My littlest love. He’s my third and final baby. And every year for his birthday, I struggle to figure out what to get him. Not because I don’t understand him or “know” him, but because . . . well, it seems we already have everything, and I can’t imagine another toy entering my house.
But last year, after playing at a friend’s house in a ball pit, I realized we no longer had one of our own. A ball pit — perfect gift for D’s birthday!
He was thrilled! Delighted! And since then, I’ve come to understand why that very ball pit was the best and worst thing I’ve ever bought for my kids.
- It was so affordable! Keep in mind the balls came separately, but still, overall, very affordable. This is the one we have: click here to see the ball pit and the balls we ordered.
- It’s great for multiple ages. Even my 10yo still finds ways to have fun in it!
- You can lose pieces, and it’s still fun to play with. We bought 400 balls for the pit. I’m certain there are no longer 400 in there. But there are enough! And, unlike every other single game or toy in our house with missing pieces, this one is still in perfect working order, and nobody even notices when pieces — in this case balls — are missing.
- It’s portable! The ball pit itself folds up easily, and as long as you have somewhere to keep the balls (a hamper, a clothes basket, a bin, the bag they came in, etc.), it’s easy to move this activity from one room to another or even bring it outdoors.
- It’s great for being more than just a ball pit! Sort the colors, practice juggling, play basketball, pretend the balls are popcorn popping, or gumballs in a gumball machine, perfect for dumping the balls on each other’s heads, and, of course . . .for pegging them at each other so hard that they can leave red spots on the skin. So many games in one!

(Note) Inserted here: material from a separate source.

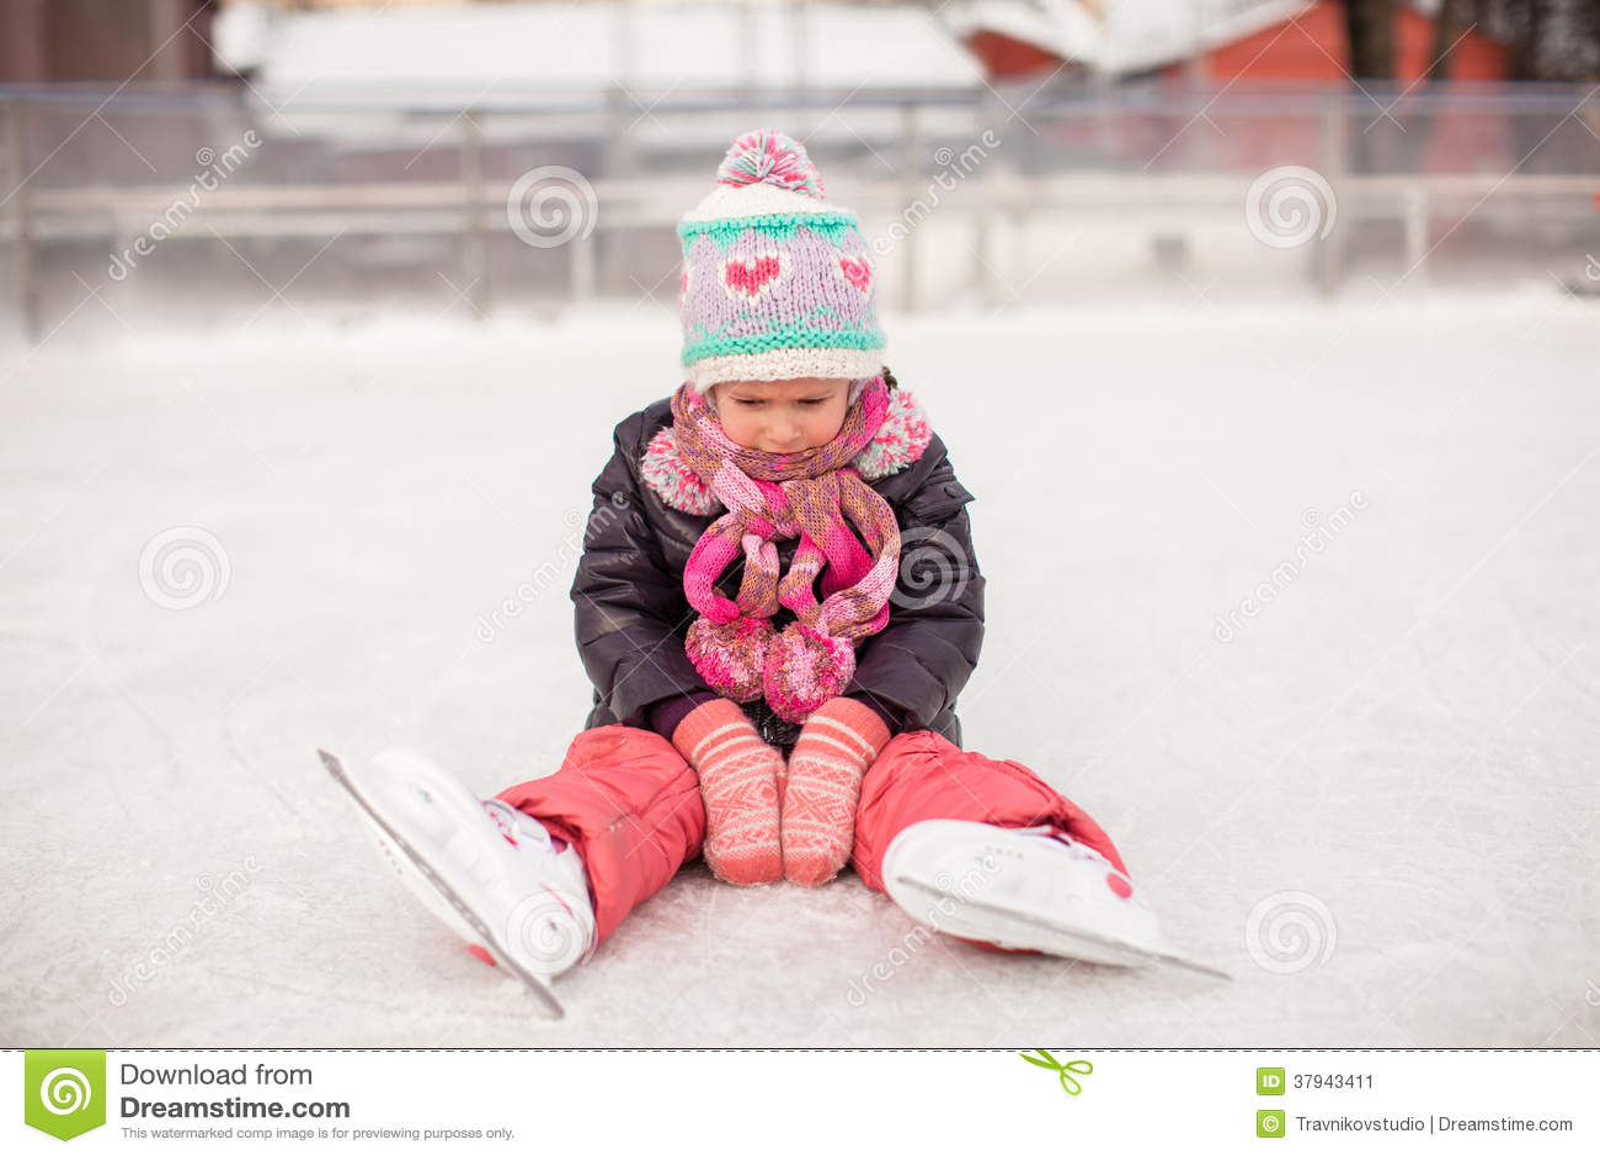 Little sad girl sitting on a skating rink after

- The balls float! Which makes them great bath toys . . . or, apparently, for experimenting in the toilet.
- It’s safe! Yes, the ball pit itself is safe, the balls are safe. Whether my boys play safely in it is another question (“Mom, watch me jump off the bed into the ball pit!”)
- It’s contained. When I need all my boys in one place, out of my way, I simply send them up to D’s room where the ball pit is, for good, clean fun . . . that mostly stays put.
- Except when it’s not contained at all. Like when my sweet littlest love decides to dump the whole ball pit (since it’s so lightweight and portable!) down the stairs, and then say he needs help cleaning up the almost 400 balls that have rolled around into the playroom and dining room and hallway . . .
- . .. which brings me to my last point . . . Really, what was I thinking? In this house full of boys, THE LAST THING I NEED IS MORE BALLS ROAMING AROUND.